In the next three chapters, Seiter describes how different people talked about television in a number of different contexts. These include: a parents support group (of which she was a long-term member); interviews with pre-school teachers in a variety of situations, and interviews with fundamentalist Christians. In each case Seiter illustrates how the politics of gender, but especially class and education, impact on what can be said about television to someone who asks. And Seiter is nicely self-reflexive about her own position as a middle-class white woman with all the advantages of a tertiary education and a well paid job who can afford to like popular culture from her own postmodern and intellectual perspective. Seiter never condescends to those with whose position she may fundamentally disagree. However, one can sense just a touch of irritation with the middle class parents whose anxiety about their childrens’ media consumption and consumerism is alleviated by providing them with more expensive alternatives which they can afford and which are not available to the poorer communities in her study.

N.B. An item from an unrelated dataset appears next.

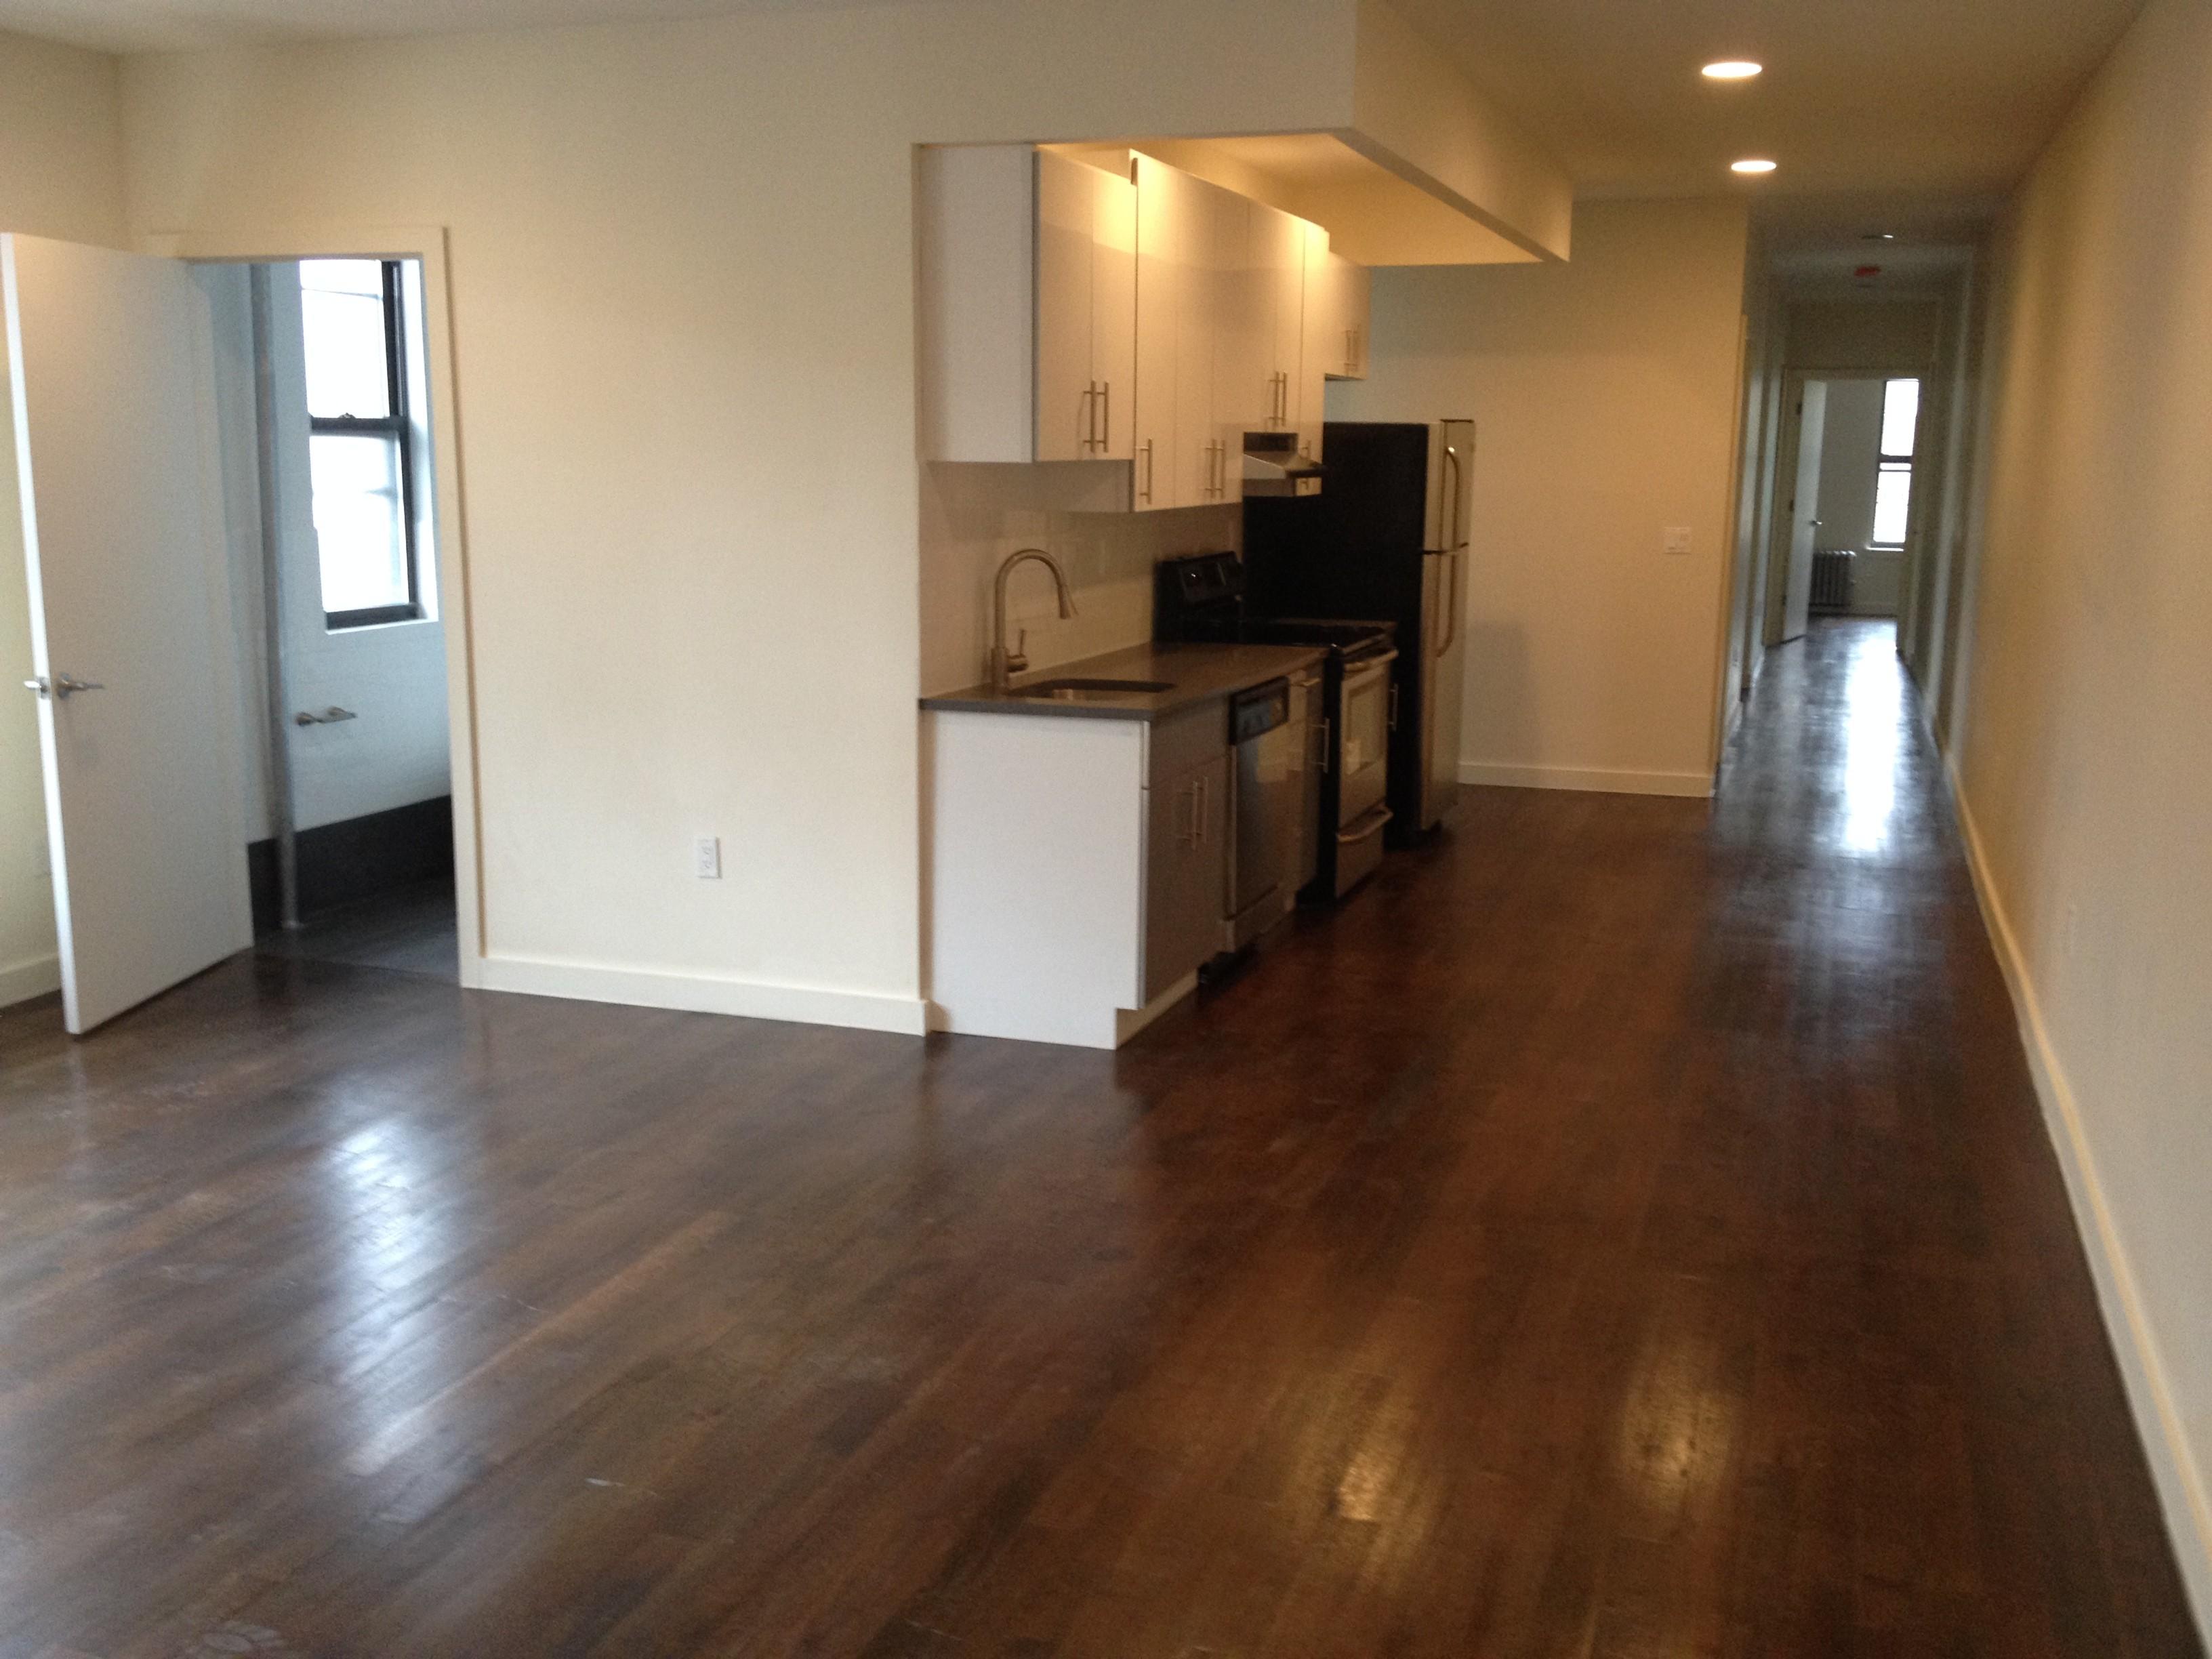 broadway w 151st st 8 new york ny 10031 5 bedroom

The penultimate chapter addresses the possibility of using ethnographic methods to look at the domestic consumption of new technologies, particularly computers. Again Seiter is interested in the ways in which gender and class may be enacted in the micro-politics of the home and the consequences of such politics for access and participation in education, work and other aspects of the public sphere. This kind of research is always hard to do well. As Seiter points out in her conclusion, ethnographic research is time-consuming, labour intensive and difficult to sustain. Nevertheless, there is no doubt that Seiter is firmly of the opinion that ethnography is the only way researchers will get even close to what is happening as people adapt to the changing communications environment of the home. One can only agree.